Author: Kevin B. Staff

Neighborhood: College Area

Age: 54

Occupation: Community college instructor (Cuyamaca and Palomar College)

A few Saturdays ago I helped with the community ­council’s monthly book sale. It kind of shoots the weekend in the ass, but ­it’s one of my few connections with people in the neighborhood because of my odd work ­schedule.

After we finished, I got a new coat rack for my Honda Element at the Pep Boys on El Cajon Boulevard. Then I stopped by a little neighborhood park nobody ever uses to move everything around and install ­it.

The only water source in the park is a single drinking fountain toward the back of the place. The ­day’s work done, I went over to get some water to wash off my hands and feet, not sure whether ­I’d go home or head out to the beach to catch the sunset and maybe spend the night in my freshly organized ­ride.

Lying there by the fountain, looking like Rip Van Winkle, was an old fellow with a gray goatee and a bald head. He was wearing headphones and lying on his back, sound asleep. I wondered at first if he was dead but saw his chest going up and down ­lazily.

After a few seconds, I recognized him. He was once one of my best friends and still is, really — a kid ­I’d known since grade school. ­He’s been homeless and hanging around the neighborhood for the past 15 years or so. I see him once in a while, but not that ­often.

It was the oddest thing. I just stood there and watched him sleeping peacefully for a minute or so. It gave me the funny feeling that, for all ­that’s wrong in the world, it ­can’t be completely bad if someone ­I’ve known for over 40 years could be lying there in the shade snoozing away as if he ­hadn’t a care in the ­world.

Well, I arranged everything back in the car and took a last look his way before shutting the doors and taking off. He sat up, scratched his head, and seemed to recognize me. I came over, he stood up, and we talked about things for 20 minutes or so. ­He’d had a seizure a few weeks back while walking along the avenue and woke up in the hospital without a clue to how ­he’d gotten there. Years of substance abuse have made him prone to episodes similar to epileptic seizures. He sleeps in the dugout of a Little League field near my place. ­He’s part of the neighborhood; I love him like a family member I ­don’t seek out or see much of, and he loves me. ­I’m happy when I see him. Our conversation is punctuated with made-up words and expressions and sound effects that maybe two or three other people in the world — people once close to us — would ­understand.

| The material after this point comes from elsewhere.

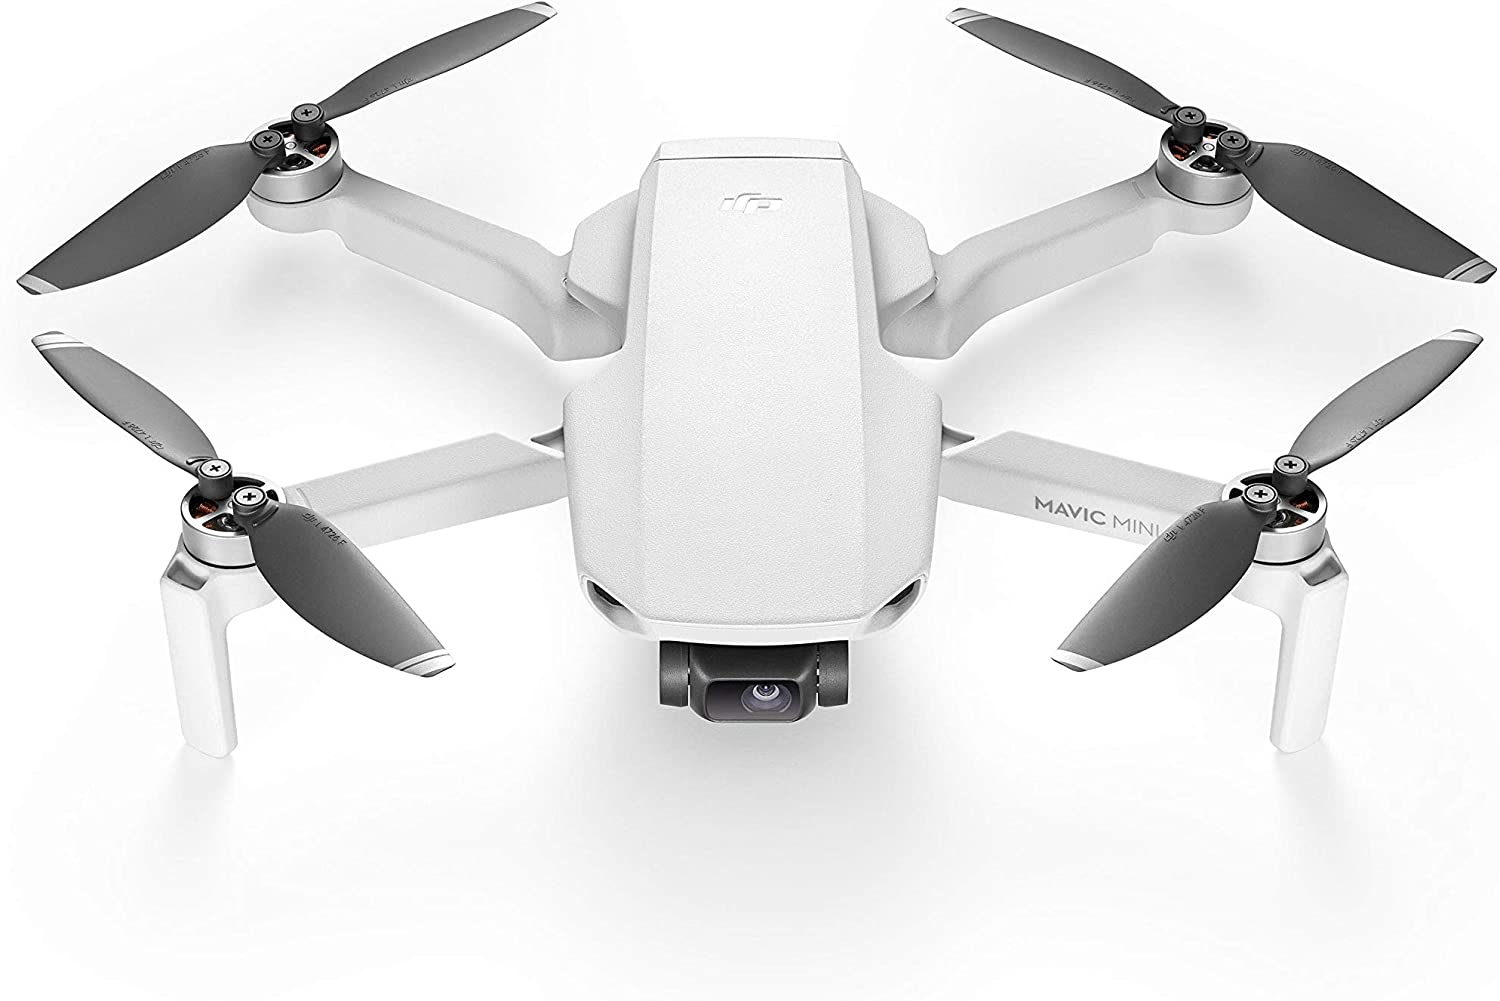 DJI Mavic Mini Combo – Drone FlyCam Quadcopter UAV with 2.7K Camera 3-Axis Gimbal GPS 30min Flight Time, less than 0.55lbs, Gray

­I’m doing quite okay, living in a whole other world apart from his, and thankful for what ­I’ve got. I take nothing for granted. A homeless person with substance-abuse issues ­isn’t the normal profile for people I hang with. But ­he’s my friend, and I enjoyed spending some time with him on a sunny afternoon in the early fall. And for some reason, the sight of him snoozing there under a tree in the shade is an image that will stay with me for the rest of my ­life.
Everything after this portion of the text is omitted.